On the complexity of local-equitable coloring in claw-free graphs with small degree (Q6616437)

Let \(G\) be a graph. A set \(C\subset V(G)\) is a clique if the subgraph of \(G\) induced by \(C\) is a complete graph and a clique is maximal if it is not contained in any larger clique. A map \(c:V(G)\rightarrow \{1,\dots,k\}\) is a \(k\)-coloring (where two adjacent vertices can have the same value) and sets \(V_i=\{v\in V(G):c(v)=i\}\), \(i\in\{1,\dots,k\}\), are color classes of \(c\).

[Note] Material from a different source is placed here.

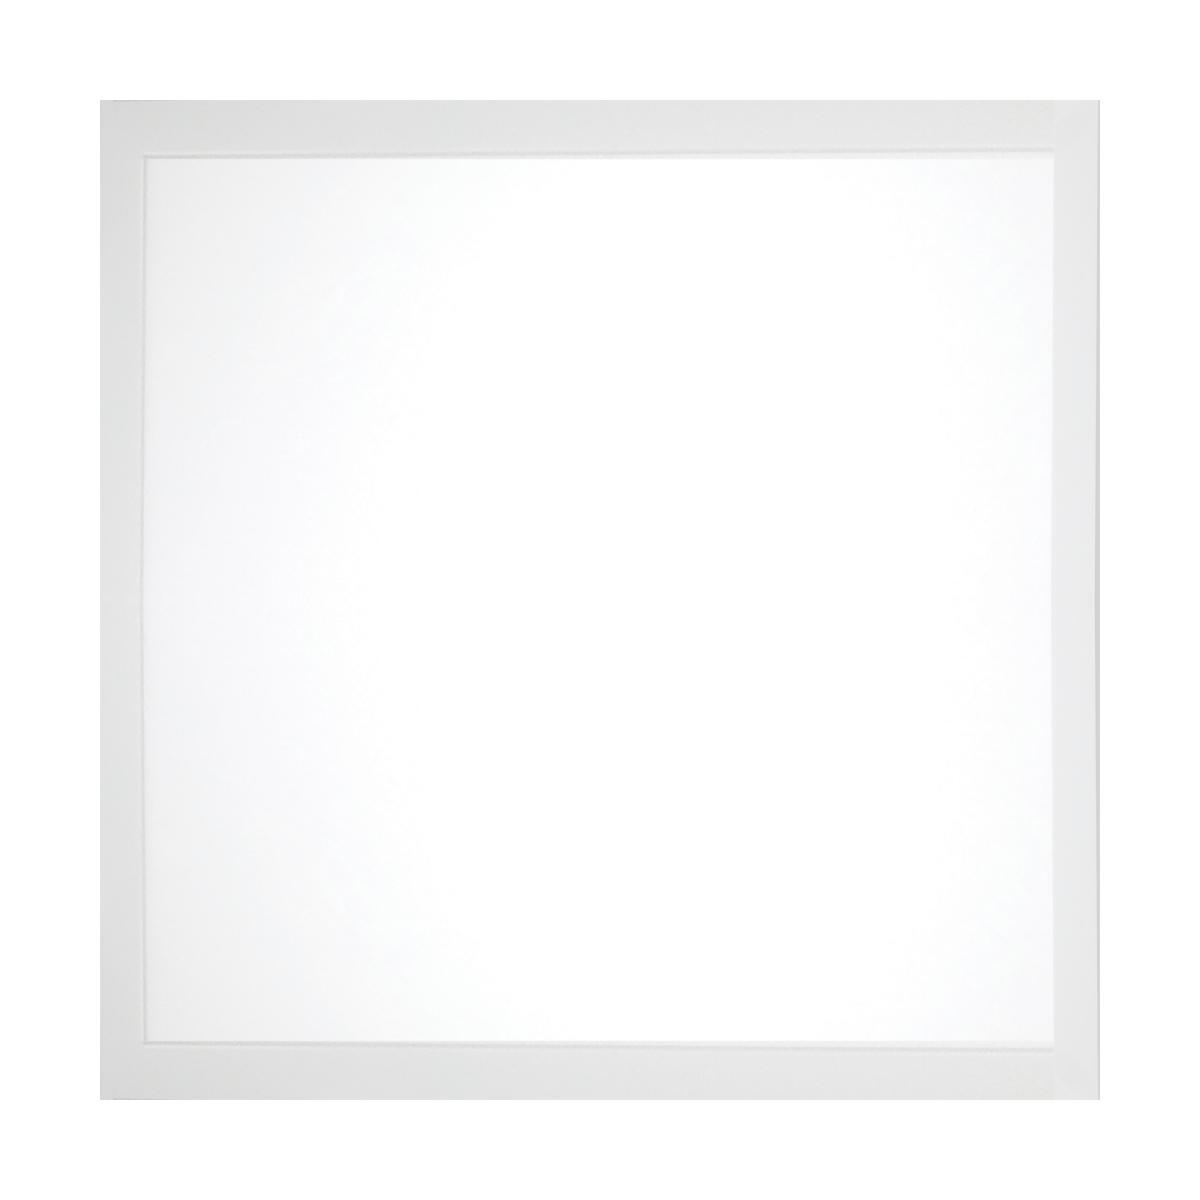 65-571 2X2 LED BACKLIT FLAT PANEL

A \(k\)-coloring is called a local-equitable \(k\)-coloring if \(||V_i\cap C|-|V_j\cap C||\leq 1\) for every maximal clique \(C\) and any \(i\leq i<j\leq k\).\N\NA complete bipartite graph \(K_{1,3}\) is called a claw and a graph \(G\) is claw-free if \(G\) posses no induced subgraph isomorphic to a claw.\N\NThis contribution is a study of claw-free graphs with maximum degree of at most four with respect to local-equitable \(2\)-coloring. In particular, a linear algorithm is presented that answers the question if a claw-free graph with maximum degree at most four is local-equitable \(2\)-colorable or not.